> _Recorded data_:

-----

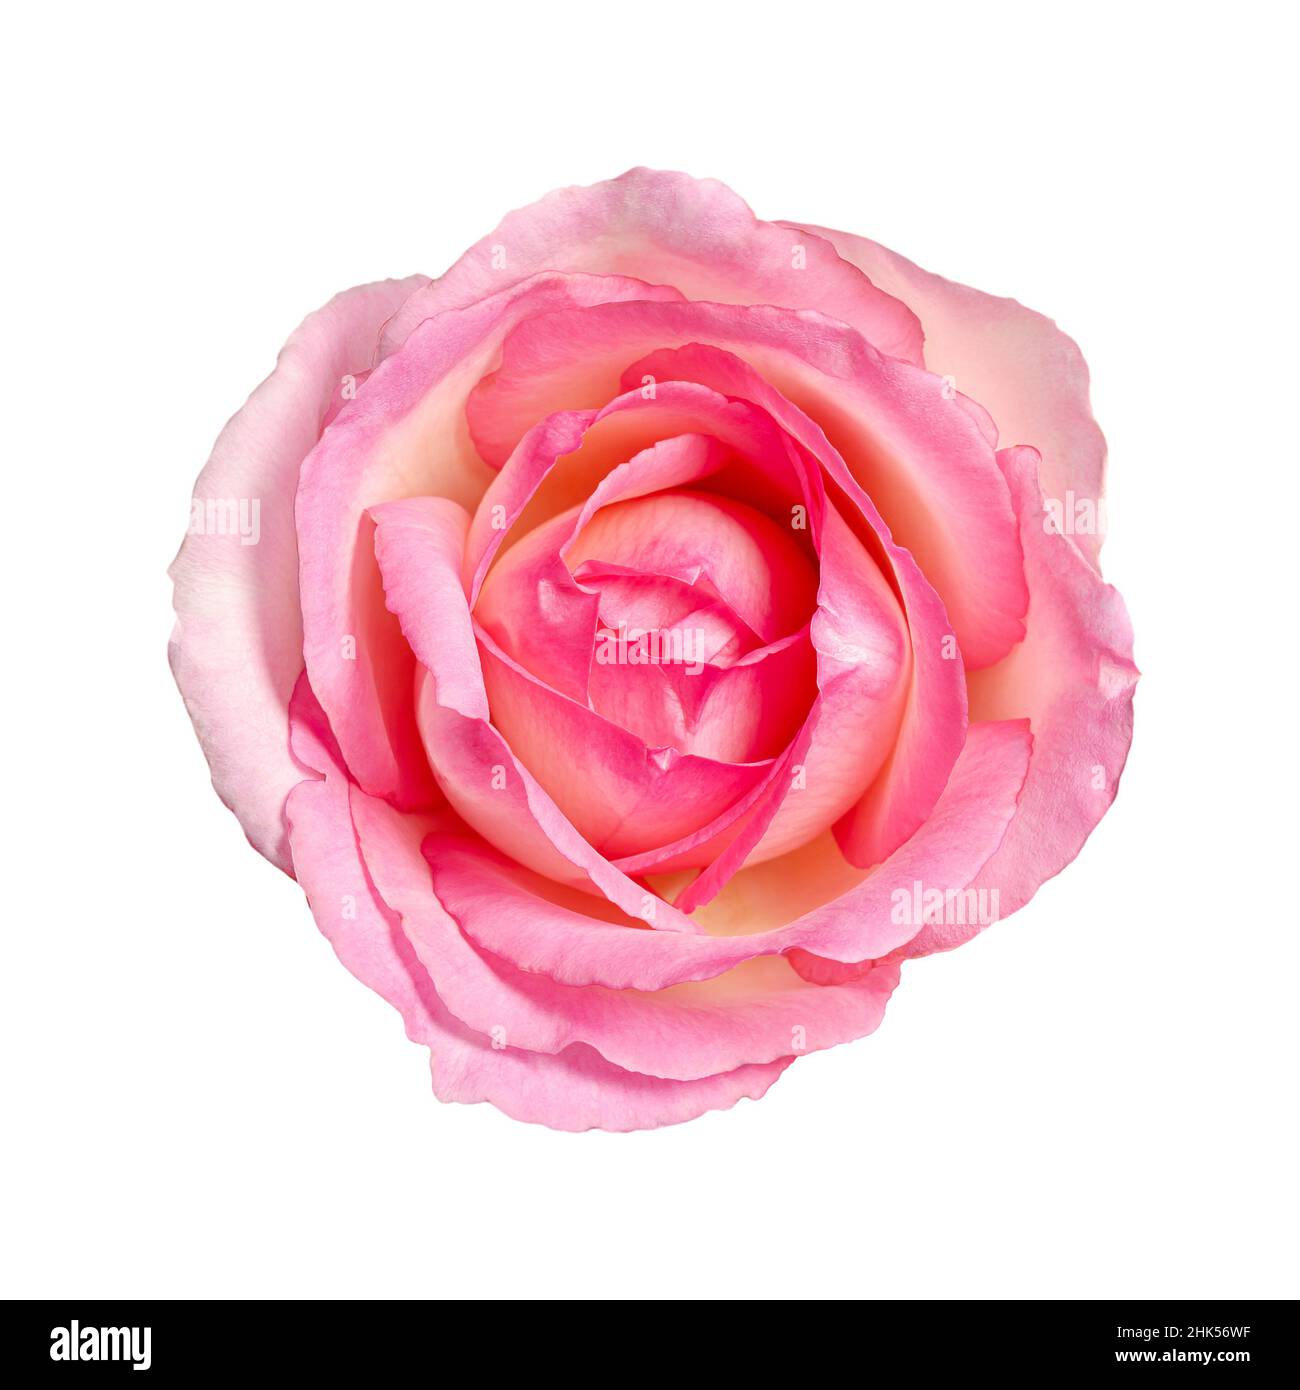 Rosenblüte, von oben, isoliert, auf weißem Grund. Hellrosa gefärbter Blütenkopf einer frisch geschnittenen Gartenrose, auch bekannt als Chinarose. Stockfoto
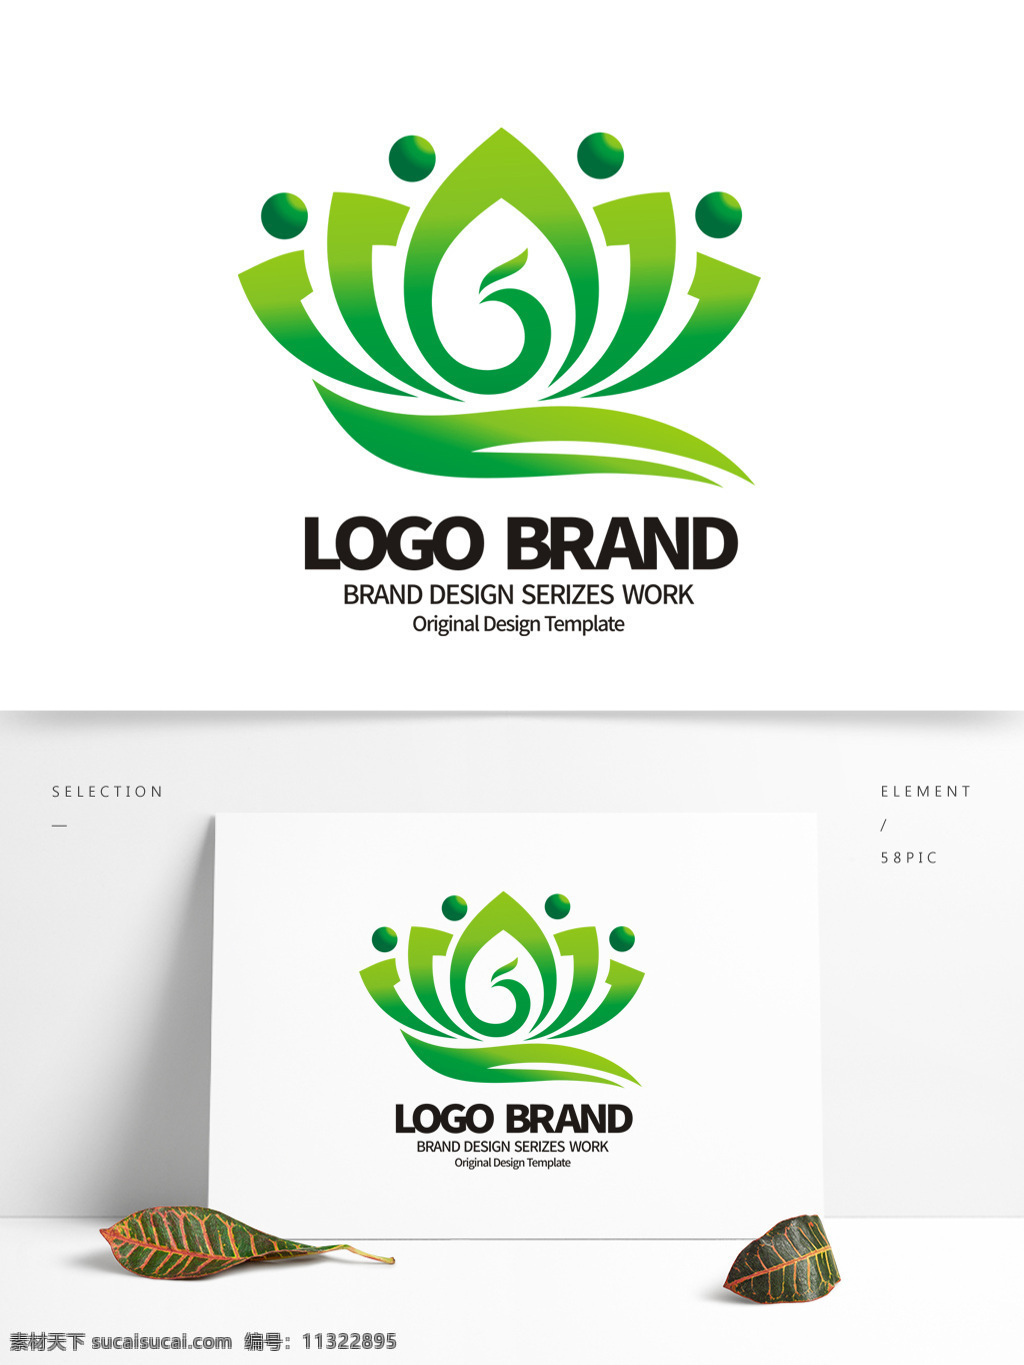 创意 绿色 荷花 w 字母 公司 logo 标志设计 服饰图标 a 标志 服饰标志 公司标志设计 企业 会徽标志设计 企业标志设计
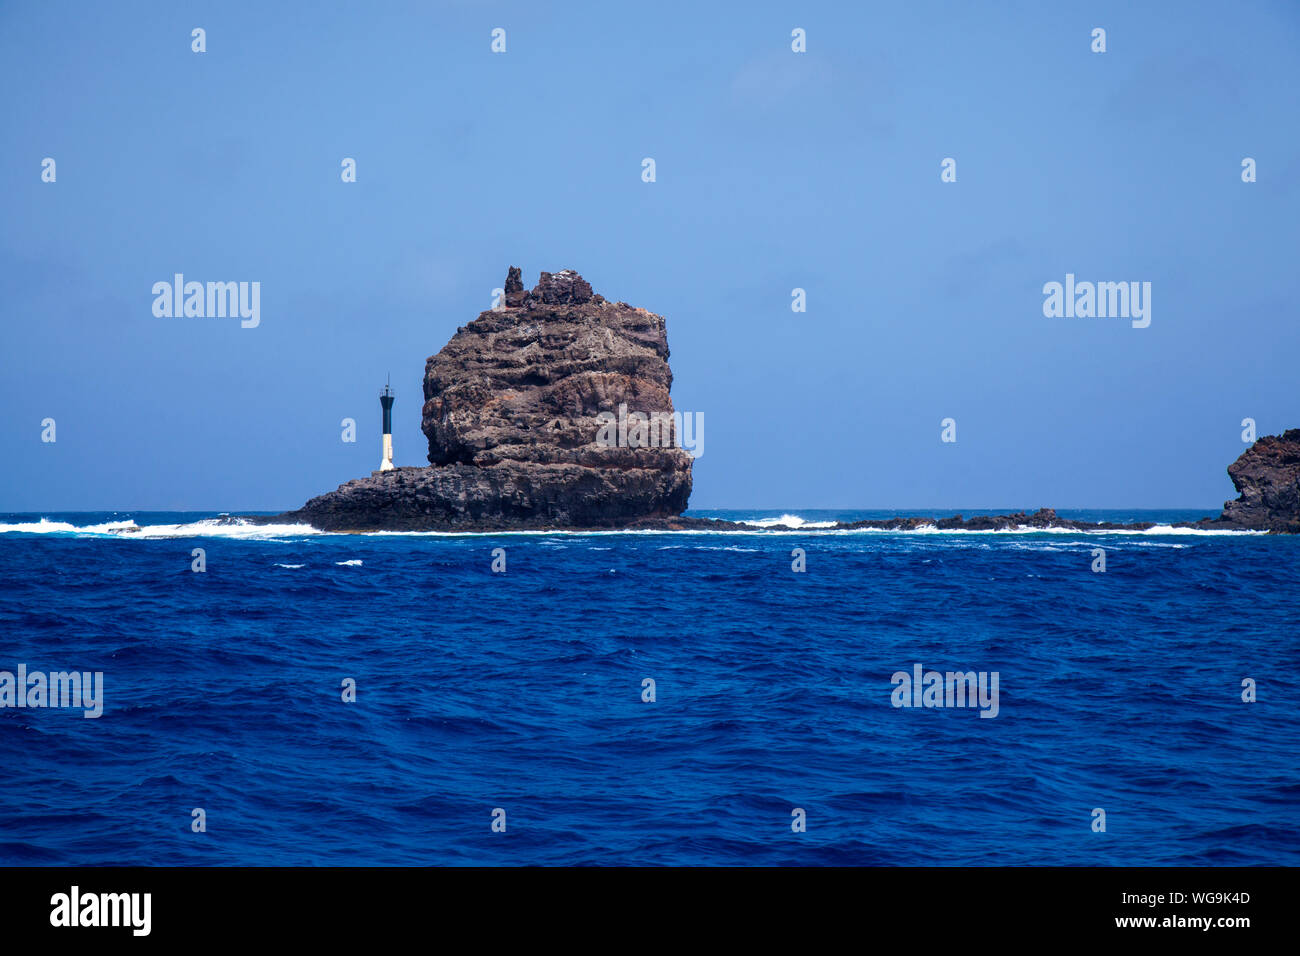 Meer reisen Hintergrund - Reisen auf seaferry von La Graciosa, kleine Inselchen Farion de Afuera Stockfoto

-----

> _Your assignment_: The lines from the one containing "创意 绿色 荷花 w 字母" to the end of the material must be output exactly, both ends included; no picture may appear.

> _Result for this exercise_:
 创意 绿色 荷花 w 字母 公司 logo 标志设计 服饰图标 a 标志 服饰标志 公司标志设计 企业 会徽标志设计 企业标志设计
 Meer reisen Hintergrund - Reisen auf seaferry von La Graciosa, kleine Inselchen Farion de Afuera Stockfoto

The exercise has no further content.